What to produce | Every line of the listing below should be written out exactly, minus its images.

Data section |
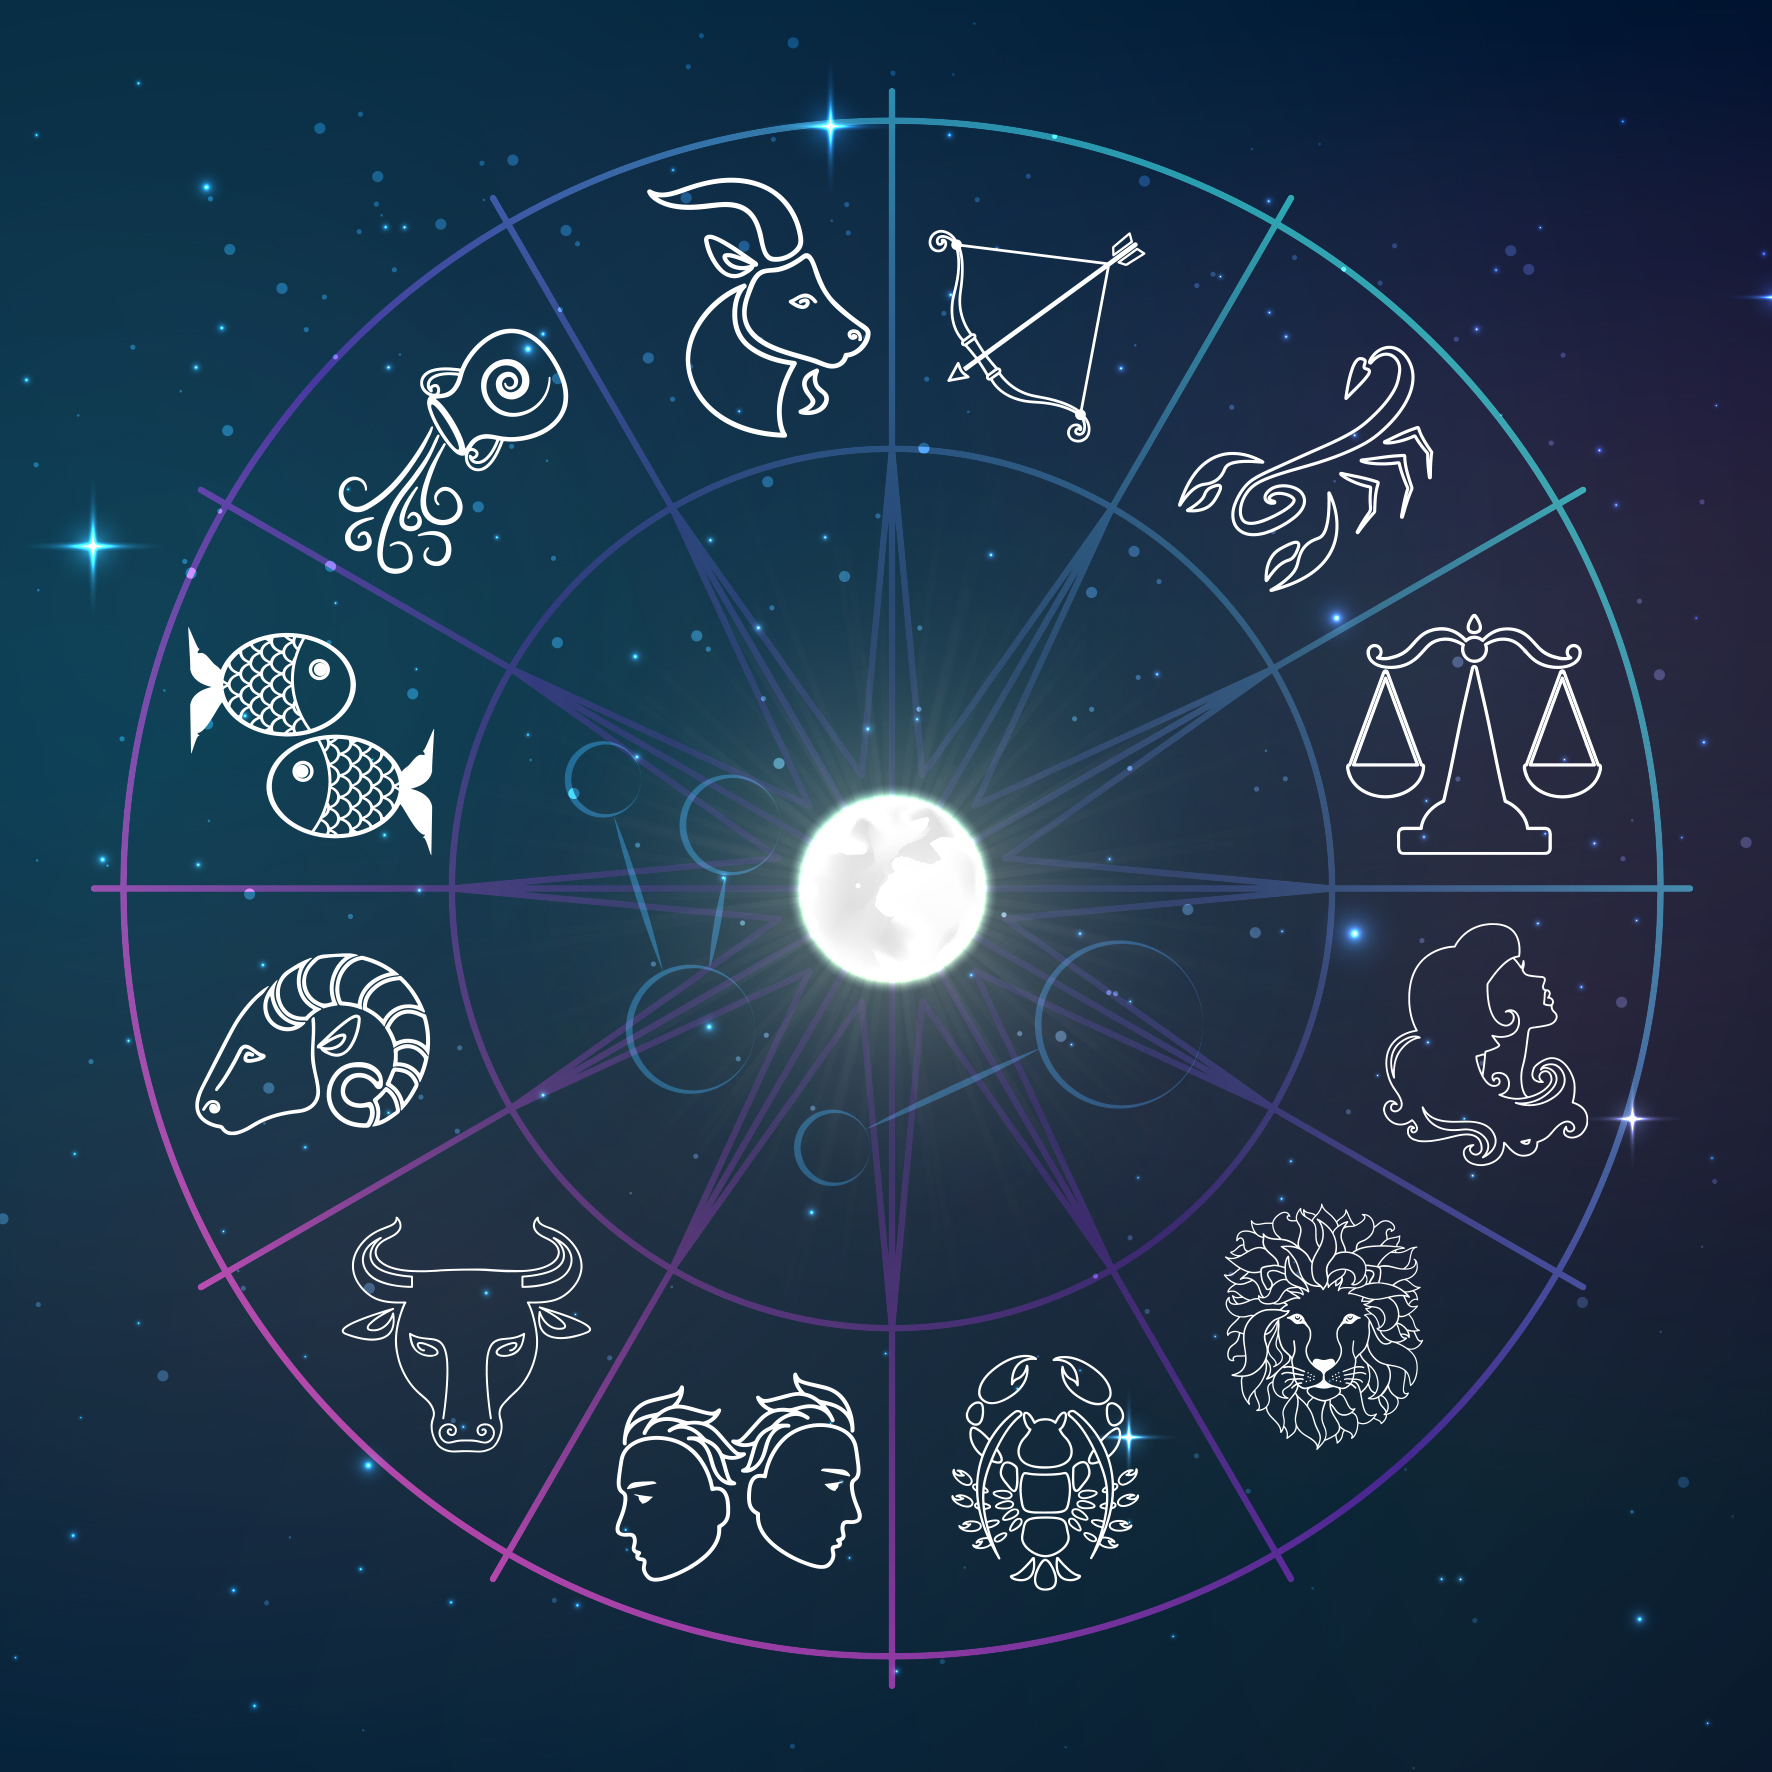 Οι Ετήσιες Αστρολογικές Προβλέψεις από τη Σμάρω Σωτηράκη
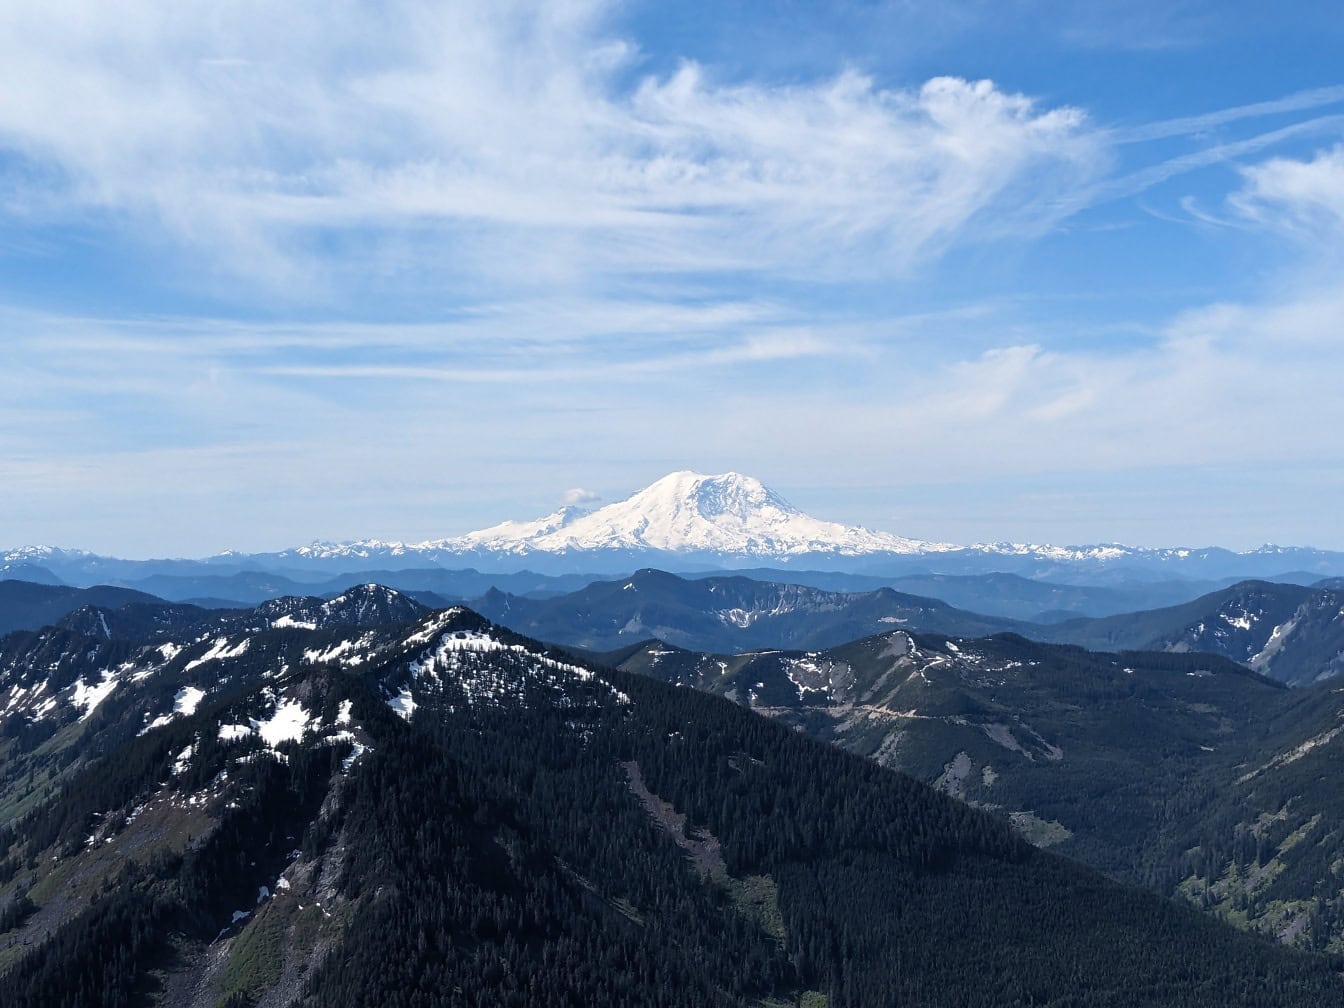 Krajolik planine Rainier s aktivnim vulkanom sa snježnim vrhom u nacionalnom parku Washington
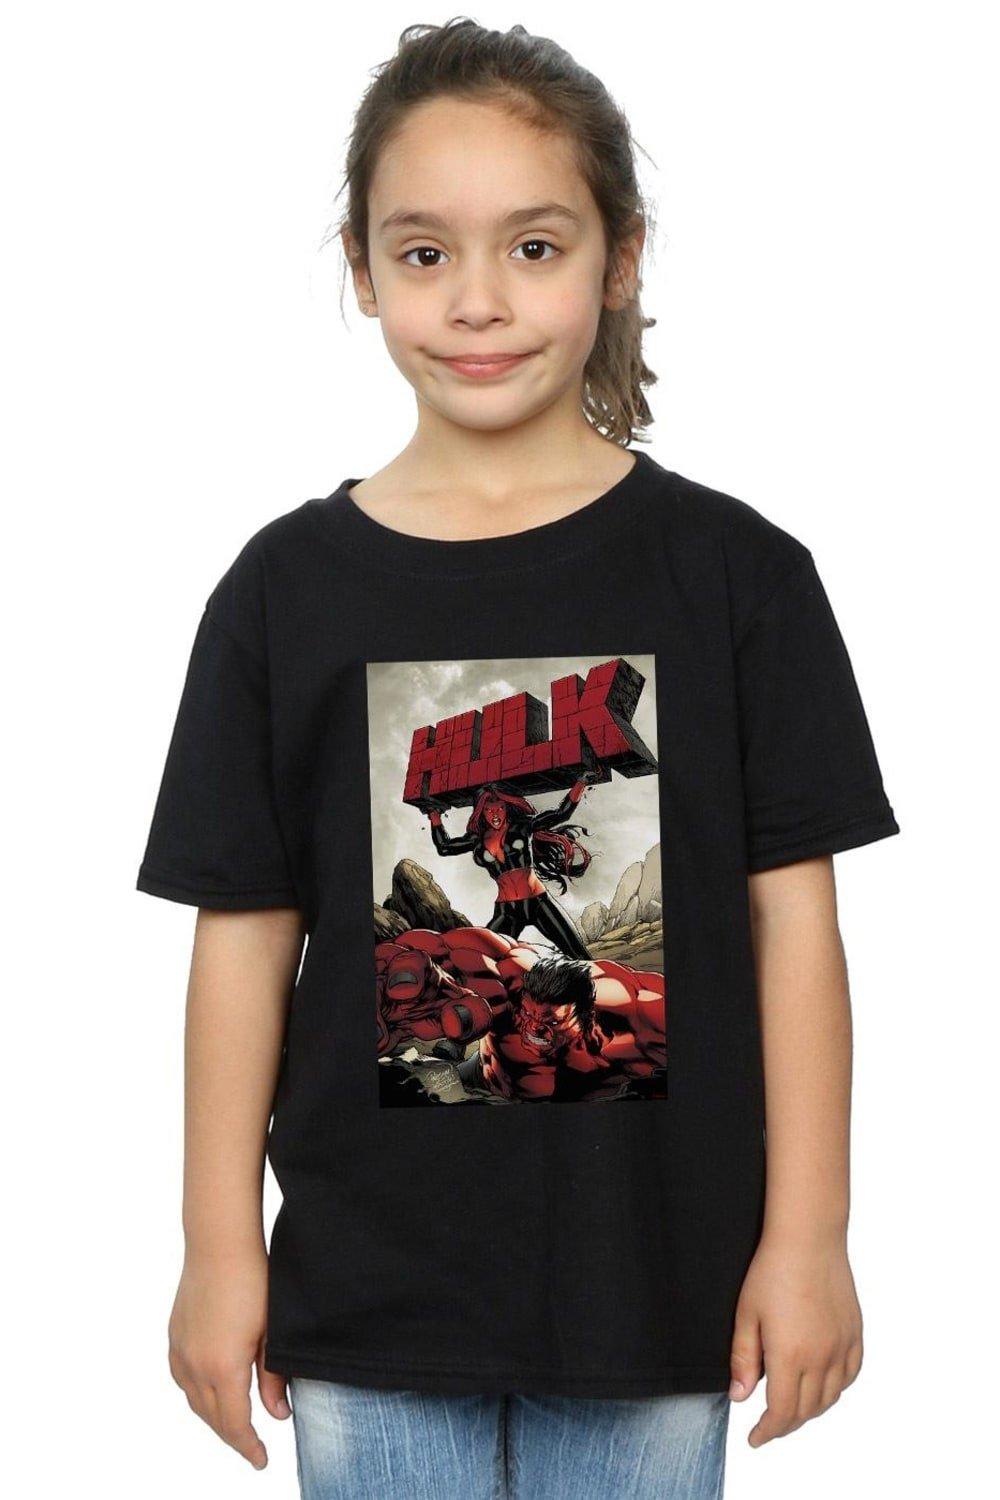 Хлопковая футболка Red Hulk Cover Marvel, черный

Written solution |
 Οι Ετήσιες Αστρολογικές Προβλέψεις από τη Σμάρω Σωτηράκη
 Krajolik planine Rainier s aktivnim vulkanom sa snježnim vrhom u nacionalnom parku Washington
 Хлопковая футболка Red Hulk Cover Marvel, черный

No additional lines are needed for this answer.